Emma, now glowing like a bioluminescent siren of myth, was swimming through the air down toward us, and she—

∎ ∎ ∎

Noah pulls himself out of memory, realizes he’s gone too deep.

The Interviewer almost got it out of him. Noah is supposed to be the one in control here, the one leading things where they need to go, the one getting information.

He needs to be more careful.

“So,” Noah says, doing his best to remain calm, “we woke everyone up with the egg, then—” He’s stopped by a pull of the Interviewer’s will. “Oh, you want to know what happened with Emma? There was no broadcast for it? How peculiar.”

The Interviewer of course makes no verbal response, but Noah feels it diving into his memories, and quickly but subtly takes control, his superb ability with mana the only thing allowing it against so powerful of an adversary.

“You know, now that you mention it, maybe I do remember something like that. I think the egg blanked me out, probably too much power.

But you didn’t miss anything.

Of course, Koren would disagree. He would say you missed his magnificence.

But that’s Koren for you.

And he was the one who got us through the next part, which is where things really get crazy.

There he was, standing in the center of this football-field-sized battlefield, his eyes scanning the trees encircling it, studying the runes etched into their bark. At Copper my eyesight wasn’t yet good enough to even see them, let alone find the one we needed.

But Koren’s were.

“Ah, there it is,” he said.

The three of us went to the tree with the desired rune.

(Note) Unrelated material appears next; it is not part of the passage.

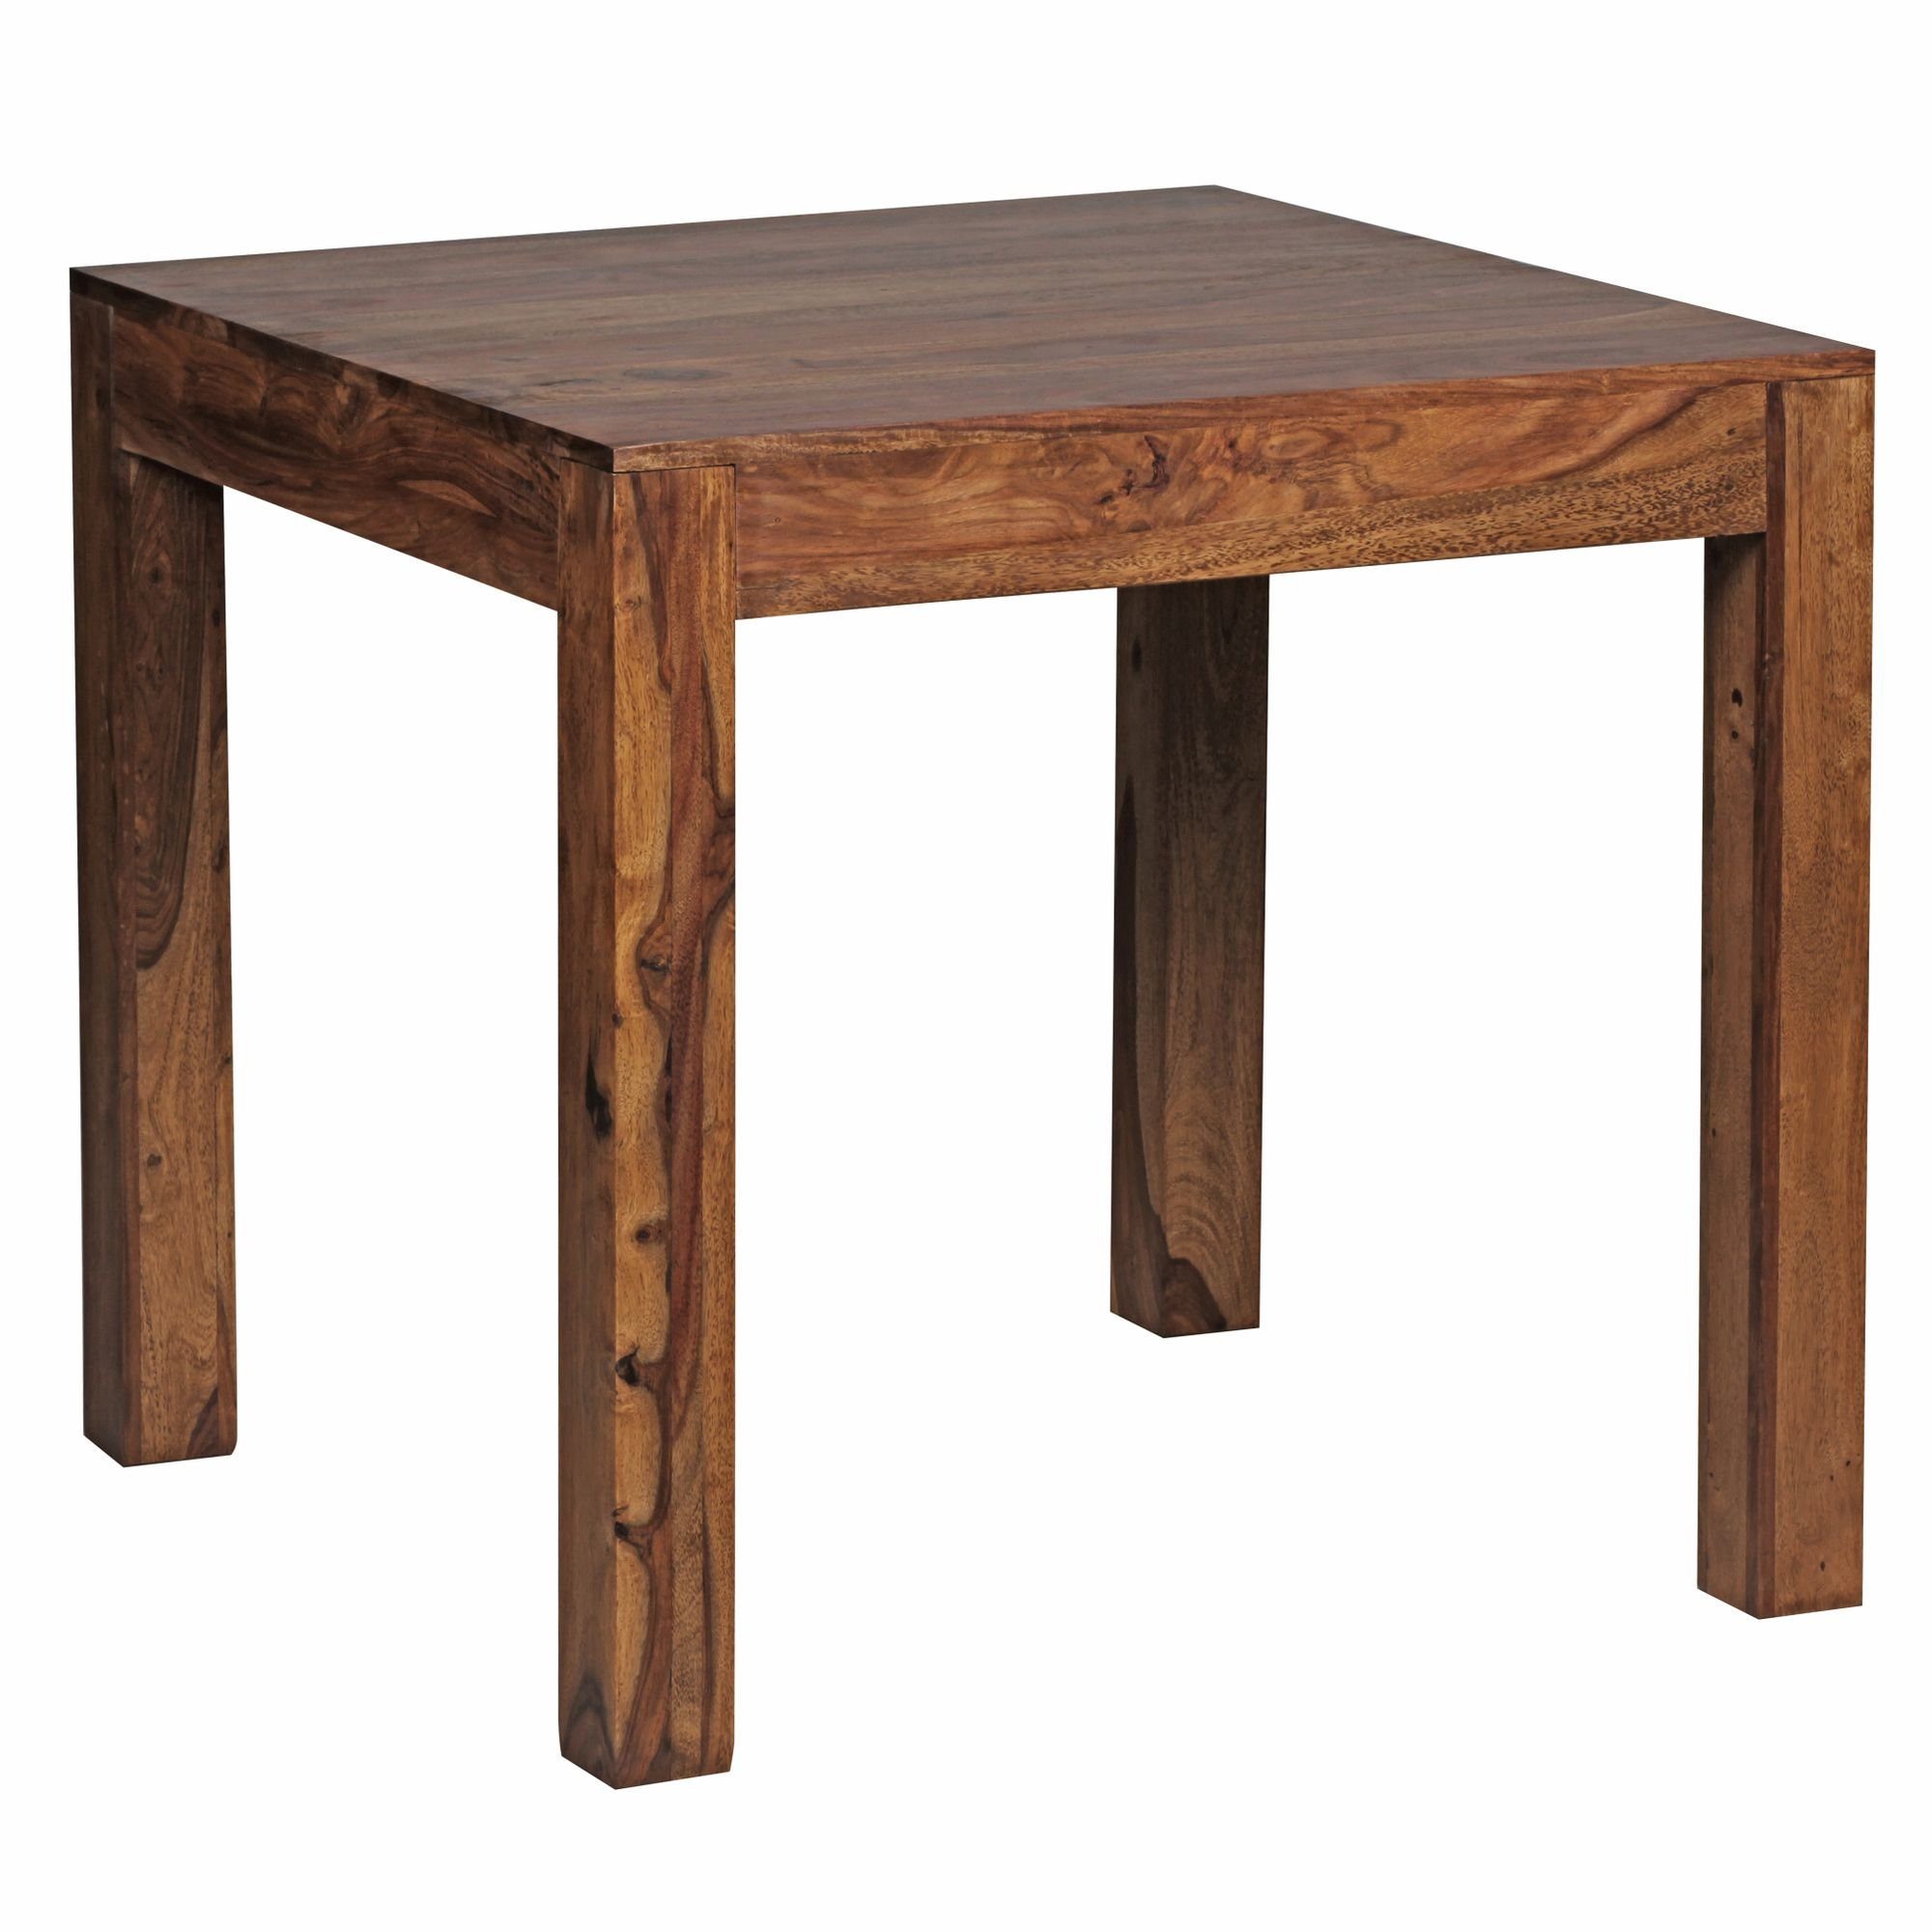 KADIMA DESIGN Esstisch Esszimmertisch Massiv – Quadratische Tischplatte mit Holzmaserung Braun | Braun | Braun

“Should we expect another frozen lake?” Vyrania asked.

“I’d think not.” He frowned as he studied the rune. “Tree? I think that’s what it says.”

“Well that is a tree,” I pointed out.

“Indeed. Or perhaps it means life. I believe they’re the same symbol in Arcturian.” He reached out to touch the rune carved into its bark. Instead of ice or rot, this one was a simple gouge in the wood.

As his fingers brushed against the rune, mana burst forth from him and into it.

“Oh, that was unexpected,” he said with a grimace. “It’s using my mana to activate itself.”

A wave of mana erupted from the tree, nearly knocking me over.

Vyrania collapsed beside me and it took all my effort just to stay conscious, to fight off the foreign mana.

It wasn’t trying to attack or harm me. No more than a tidal wave intends to drown a city.

But intention is not required for harm.